The ending is already known, the clock ticks the immediacy of the action and the urgency of it means that all are culpable. The audience is asked to decide the fate of Orestes who killed his mother; they are asked why her death counts for less than that of the father and why the life of the son must be spared when the daughter’s was not. The fact that Aeschylus actually asked the question about the mother when the original myth had completely ignored the female deaths as necessary is what makes this questioning of democracy and its brand of justice crucial. It places women in the story of how the world should best be governed. It places women at the centre of the mythology and questions the myth of women in history. Woman is shown as a manifestation of falling. The perpetual tormenting fall of Clytemnestra is paused for us to take in its effects on the falling body – the scapegoats of history for all eternity.
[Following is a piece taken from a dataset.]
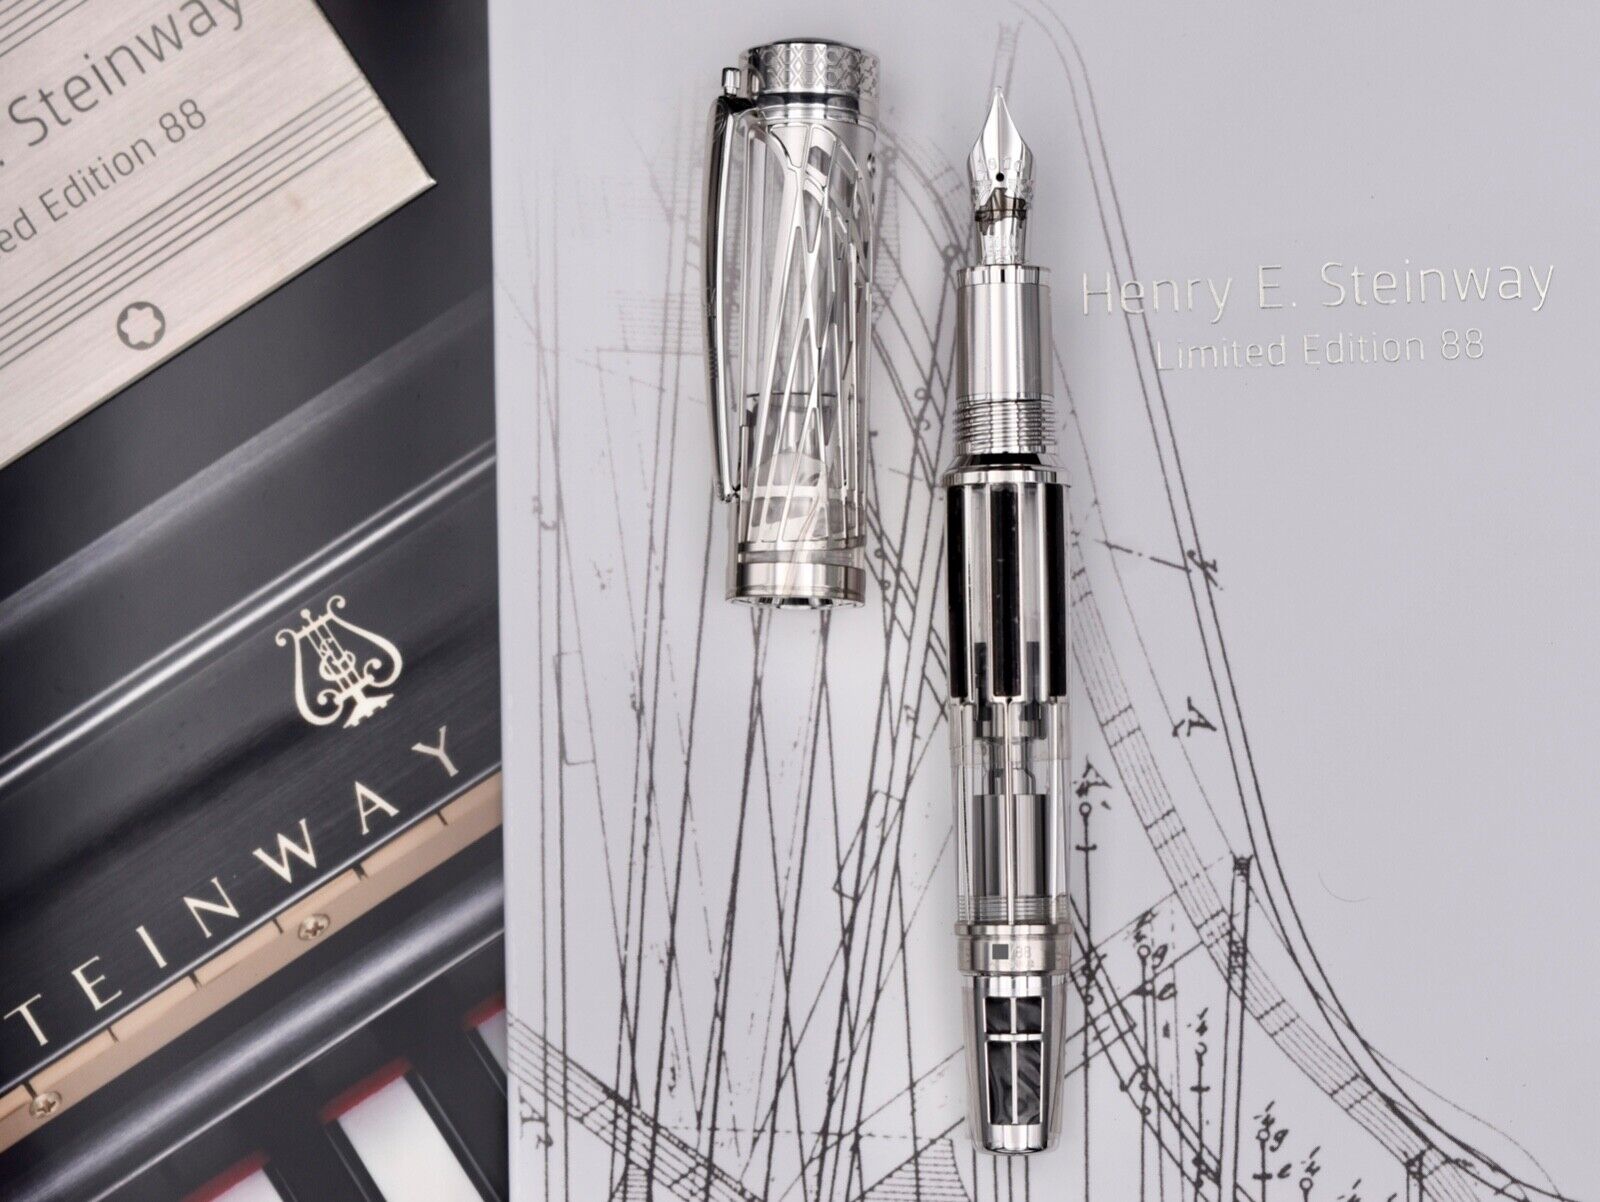 MONTBLANC 2014 Patron of Art Henry E. Steinway Artisan Limited Edition 88 111836
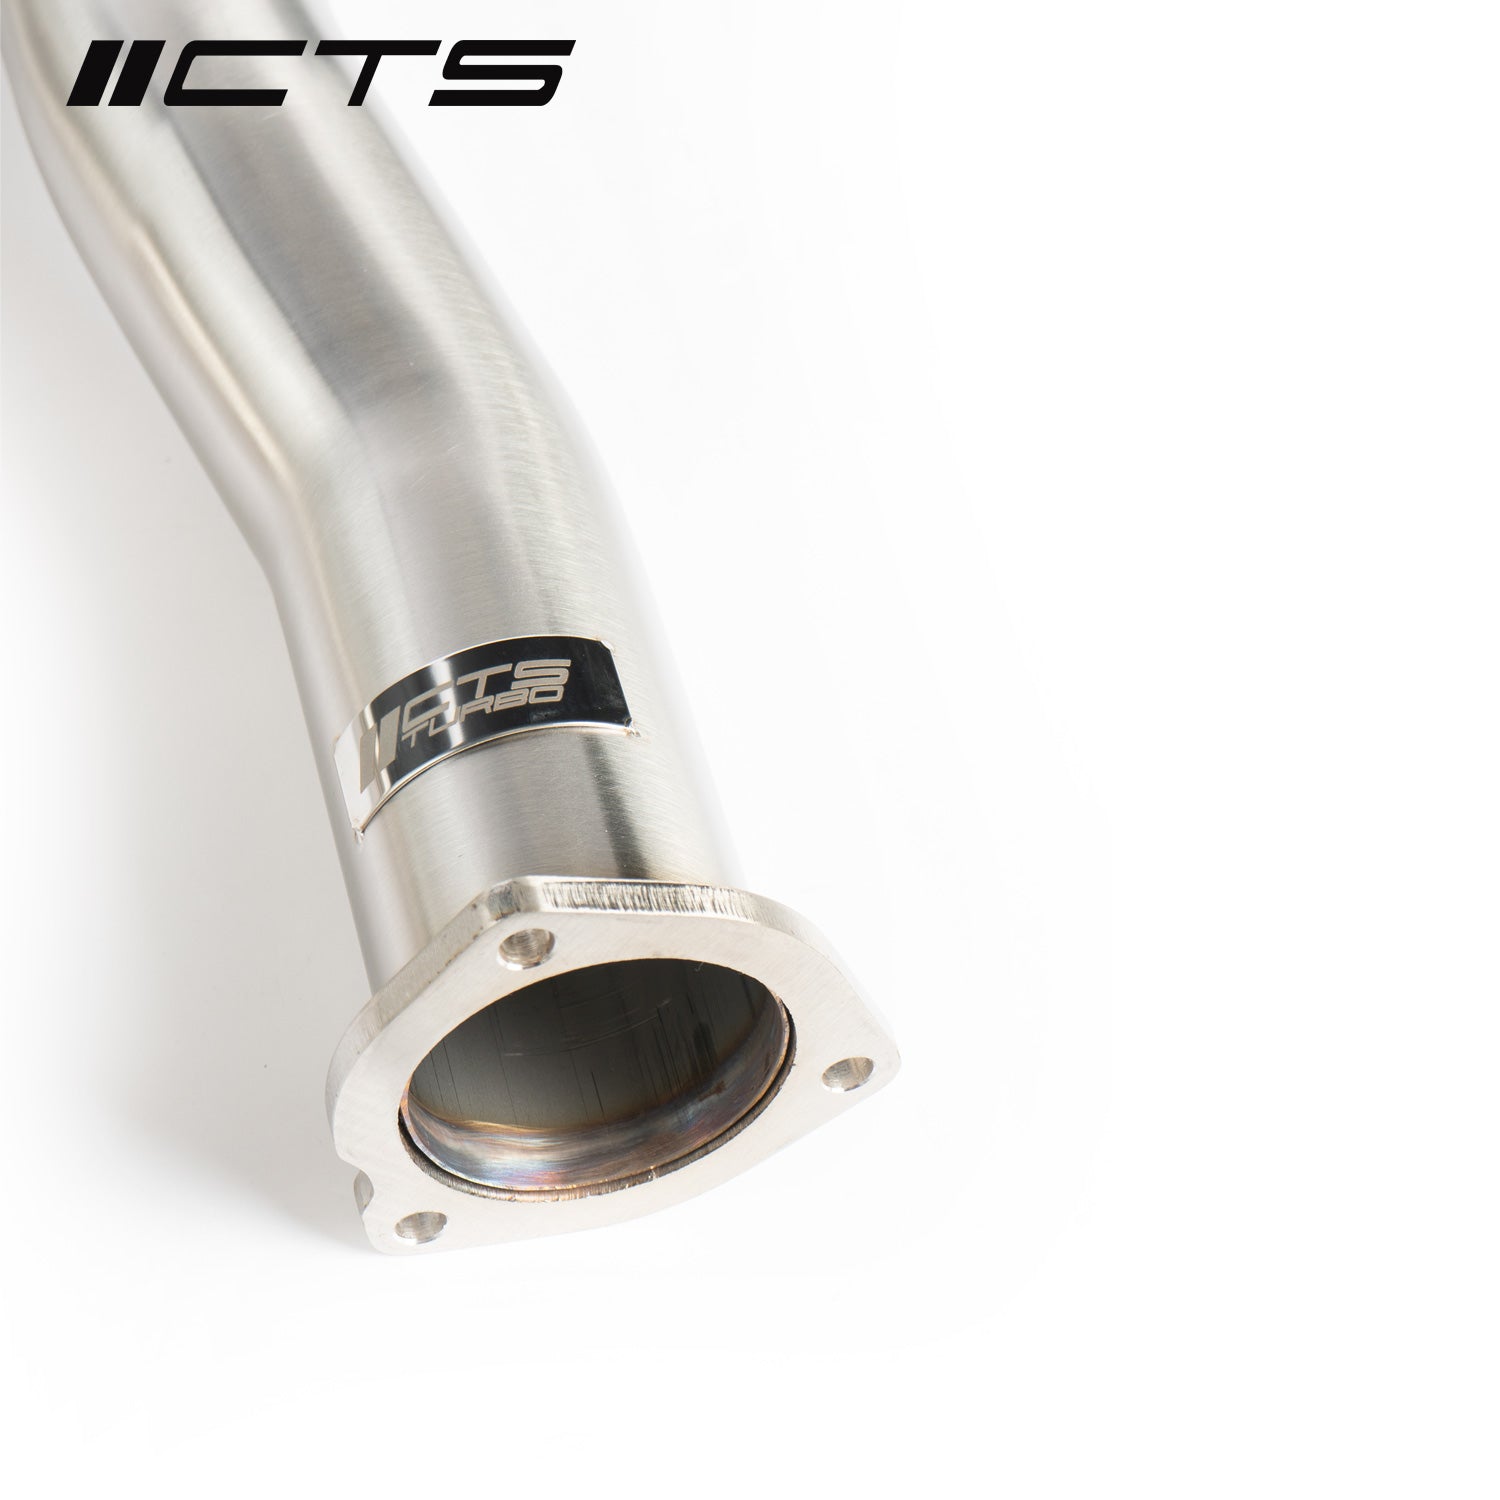 CTS TURBO PERFORMANCE MID-PIPES FOR 8V/8Y AUDI RS3 AND 8S AUDI TTRS - 0

When Orestes finally kills her, as the myth wrote down in history, the clock stops and we are back in the mythological vortex that makes it seem like simple teleology, a causal narrative where she must always lose, but here we are involved in an epic form that searches after its own plot as it is unfolding. Orestes is not just protagonist; he is both mirror and microscope dissecting the ancient story to try to reassess the memory that has been given of the roles that genders have been cast in. His memory keeps failing to reach into the source of the flooding river of images that seem to make it inevitable that woman must finally and always serve the lesser role where she is punished more harshly for her wrongs than he who is made a monument for bringing her down.

As with Aeschylus, Icke’s ending is not a mere acceptance of the mythological narrative. Orestes says, ‘There isn’t one true story – a line of truth that stretches start to end.’ The roles are left dissected – open – in the petri dish.